Bacterial sphingolipids - revealing hidden biosynthetic pathways of key players in host-microbe interactions.

Animal and bacterial cells have a protective, water-resistant outer shell that is composed of molecules with a water-loving (hydrophilic) head group and a long, water-hating (hydrophobic) tail. This large family of molecules are called lipids and include common things like saturated/unsaturated fats and cholesterol. One particular sub-family of lipids is called sphingolipids (SLs) and their more complex ceramide versions (which have two fatty tails).
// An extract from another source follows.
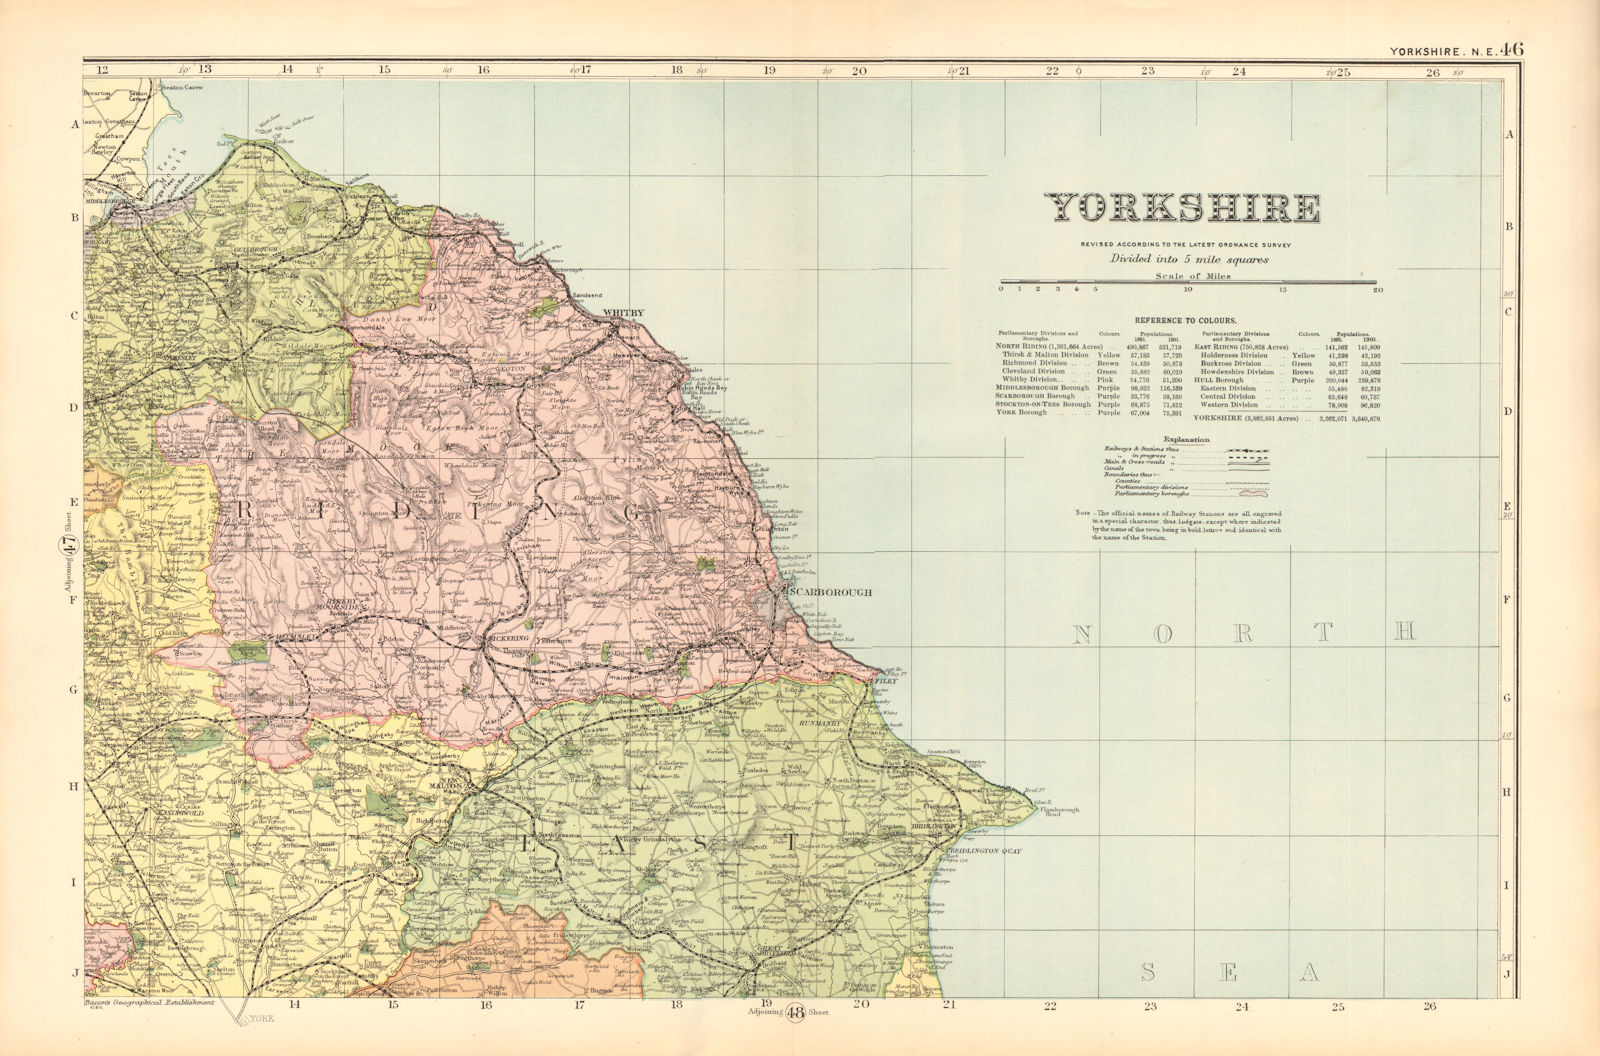 YORKSHIRE (NORTH EAST). Showing Parliamentary divisions & parks. BACON 1904 map

The SLs not only play structural roles in the outer shell that allow the cell membrane to resist water and let nutrients in and waste out; they are also able to stimulate the human immune system. SL levels are dynamic but also tightly controlled - any increase or decrease in the cellular SL levels is a sign that something has gone wrong. Changes in SL levels are strongly linked with old age and diseases such as Alzheimer's, diabetes, asthma, cancer and nerve-wasting diseases. An exciting area of research with direct implications for human health is the discovery that humans are hosts for many different types of bacteria - collectively these are known as the microbiota/microbiome. Current estimates are that for every human cell in our body, there is a bacterial one. These bacteria can be "bad" and cause disease (e.g. superbugs) but most are "good" bacteria and are beneficial to our well being. These bacteria live in our mouths, on our skin and in our gut and help us metabolise our food and are also thought to play protective roles. A surprising discovery was that the bacteria that live with us produce molecules that allow bacterial and human cells to communicate. One such family of molecules are the SLs - it is highly unusual that human and bacterial cells both make the same molecule and this suggests some sort of evolutionary link. Moreover, it has been calculated that we have several grams of SLs in our gut at any one time and they are making a vital contribution to our health. Recent studies have linked the microbiota to diseases such as diabetes, obesity and cancer.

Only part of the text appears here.